A report issued by Jones in December 2006 noted that the cemetery was established in 1870 and was used until 1973. The number of total burials there was unknown, but 541 burials were recorded during the last quarter century of the cemetery’s use, the report stated.
A magnetic survey and an electrical resistance survey were completed. After testing and investigation, the researchers concluded the cemetery was limited to the interior of the road loop and to the flat hilltop between the road loop and 94th Street. Another area containing burials was on higher ground between the eastern road of the cemetery and 94th Street, according to the report.
A multifamily apartment project planned for the site of the former county annex building at 94th and State received preliminary approval for industrial revenue bonds at the March 1 UG Economic Development and Finance Committee meeting.
IRBs not to exceed $45 million were approved for the Milhaus Properties project.

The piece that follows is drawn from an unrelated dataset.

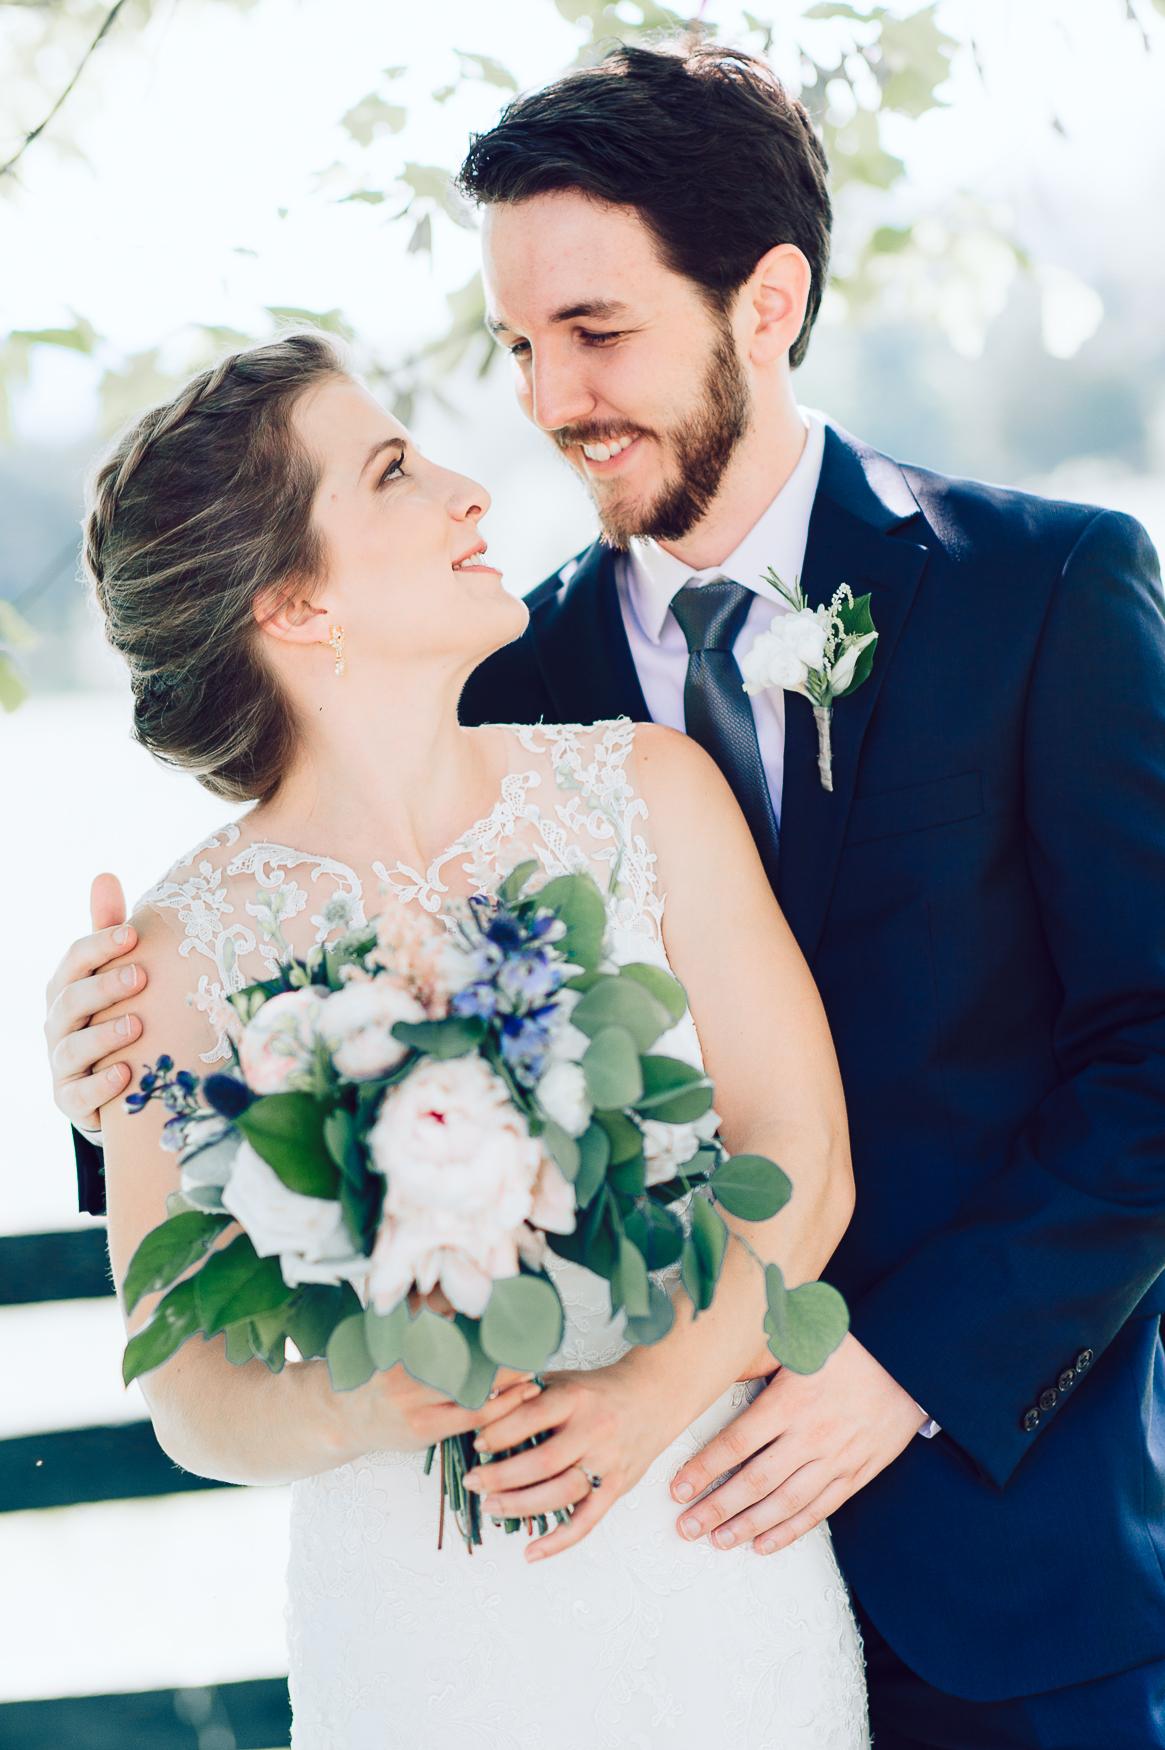 charlottesvillewedding_backyardwedding_virginia_youseephotography_CaitlinDerek (43).jpg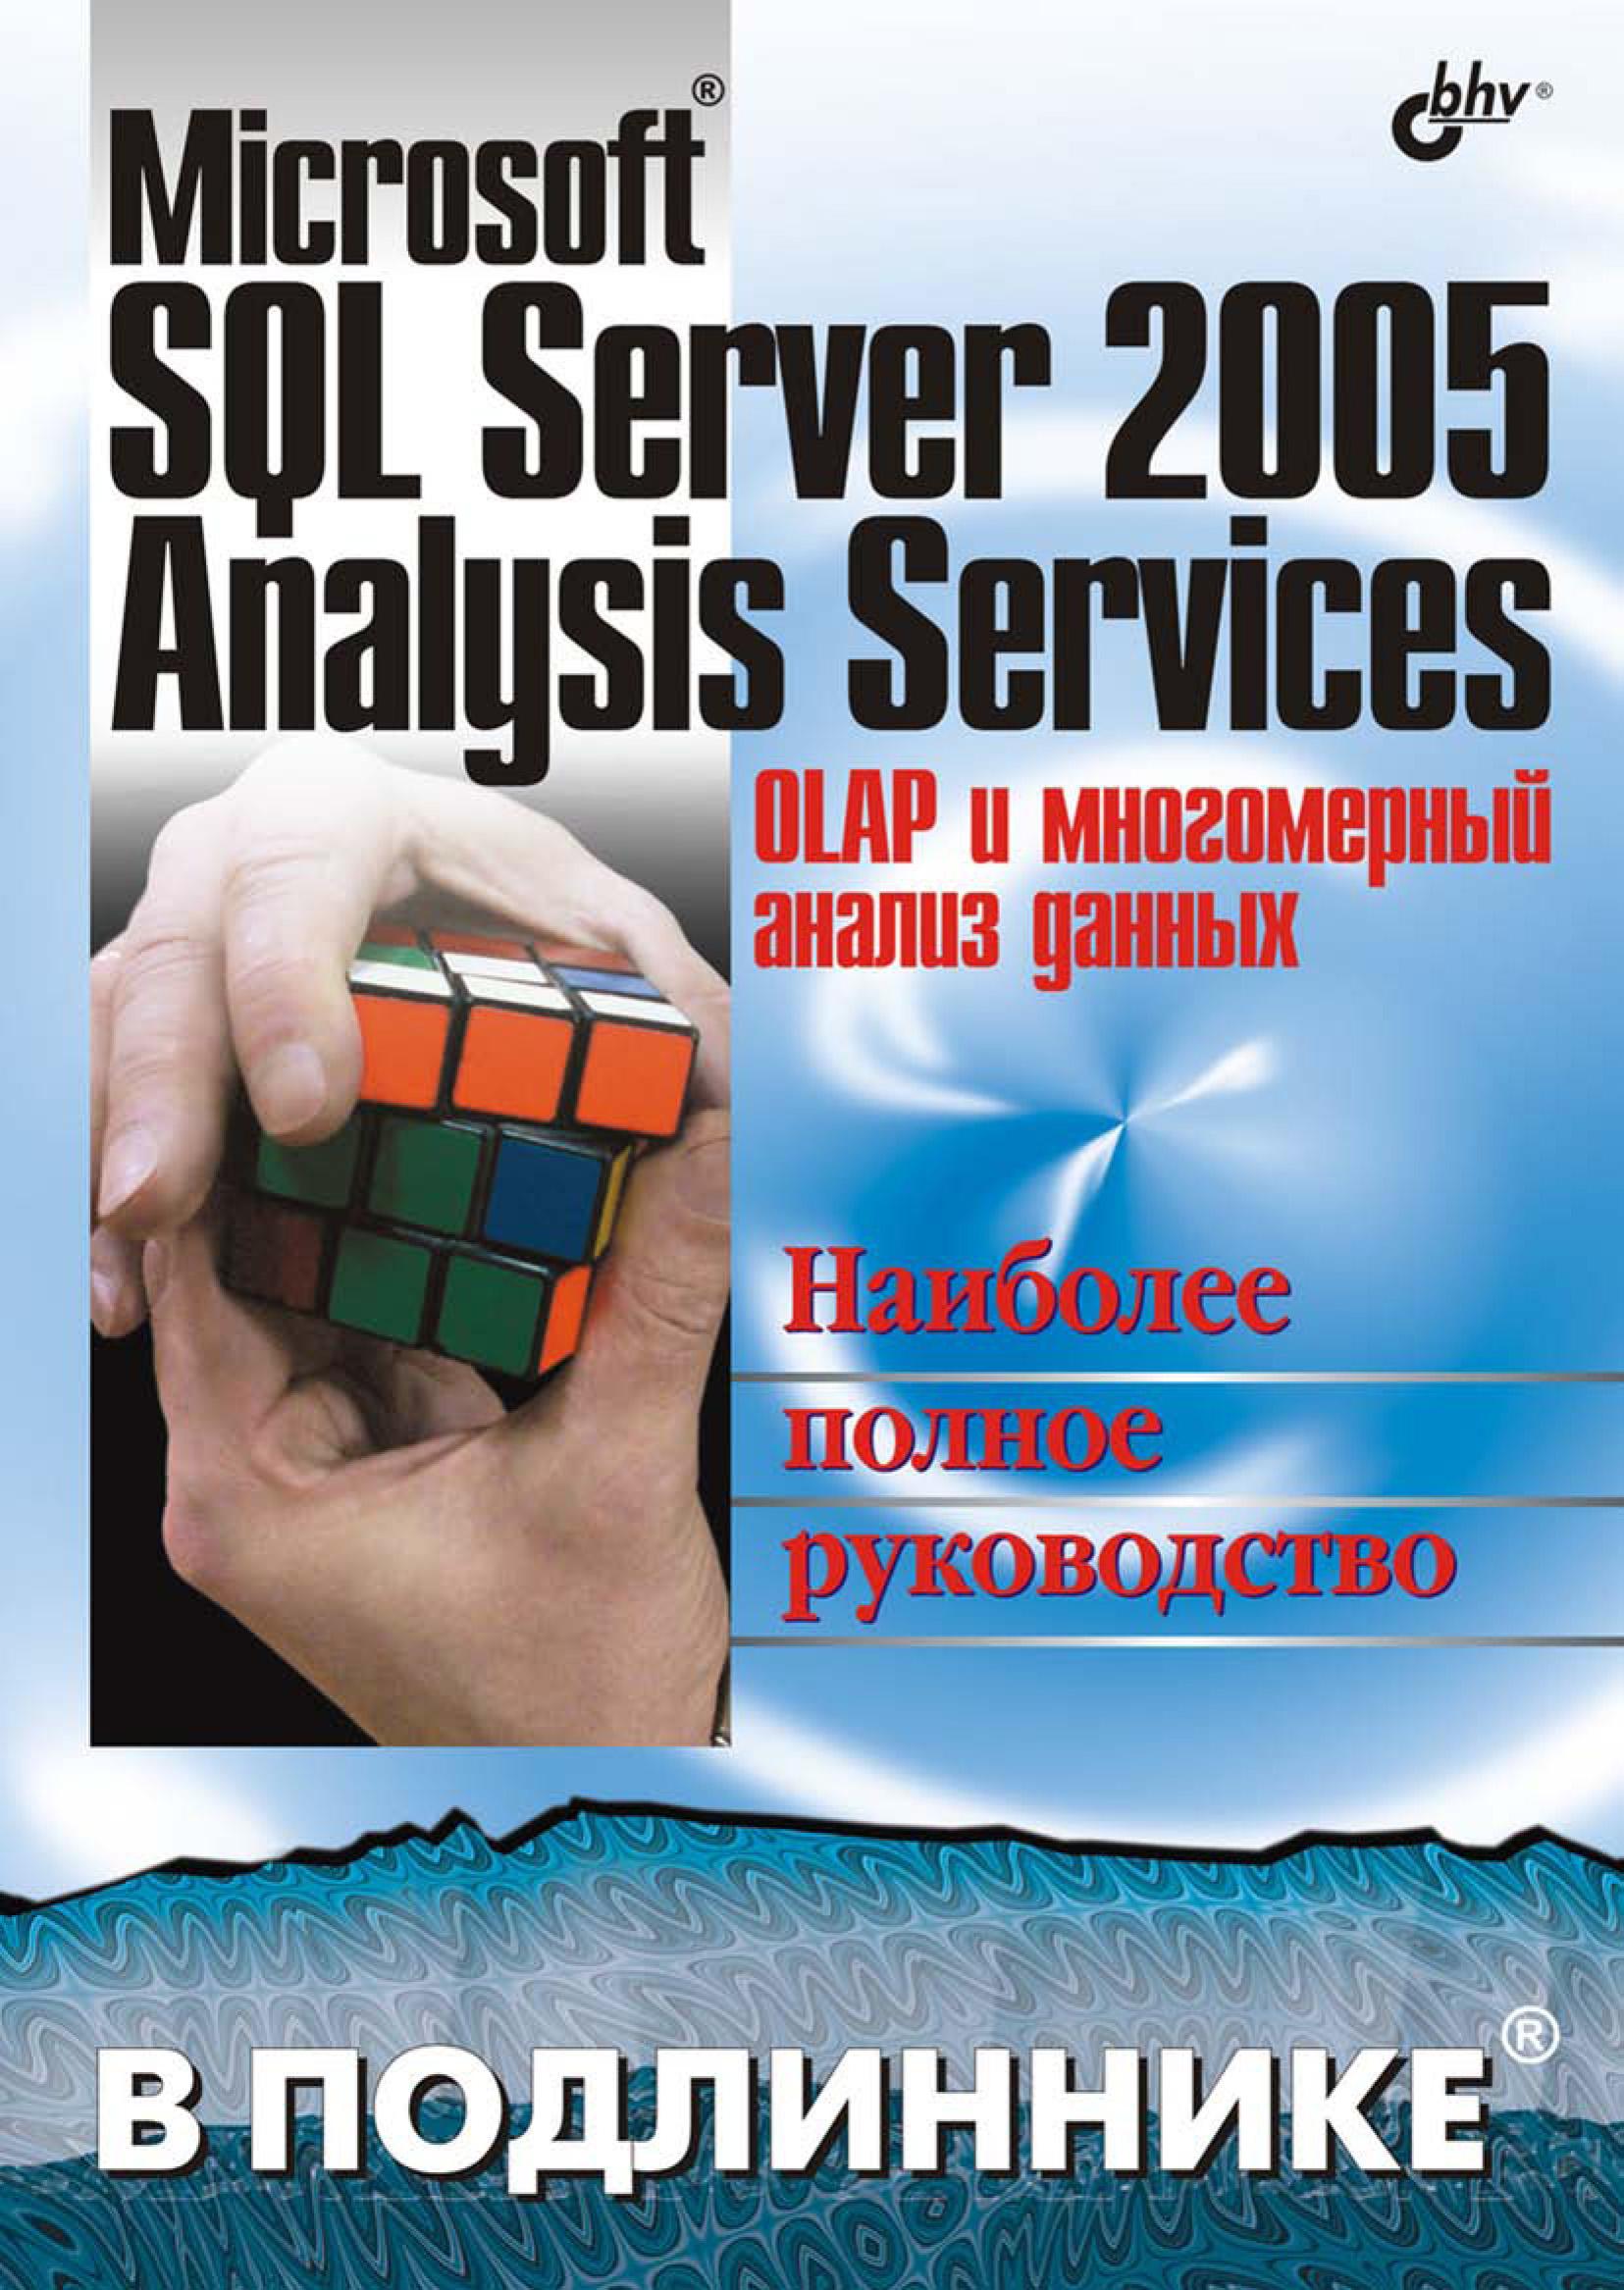 А. Б. Бергер Microsoft SQL Server 2005 Analysis Services. OLAP и многомерный анализ данных большаков а каримов р методы обработки многомерных данных и временных рядов isbn 5935172879

As part of the Homefield project for the former Schlitterbahn property, the project was already approved in concept earlier, according to Katherine Carttar, UG director of economic development.
The 18-acre apartment site will have 274 units, and will include a clubhouse pool, enclosed garages and surface parking, John McGurk, vice president of development for Milhaus Properties, said at the UG meeting. It will have a fitness center, lounge, coffee bar, pet park, pool with a sun deck, and fire pits. There will be nine buildings and a clubhouse, and the apartment buildings will have three stories and a basement.
According to McGurk, the project will have a trail system through the entire Homefield development.
The project is to start construction this summer, with the first units completed within 12 months, McGurk said. The project should be completed in spring 2023, according to developers.
The northeast portion of the property will remain a forested area, according to the developer.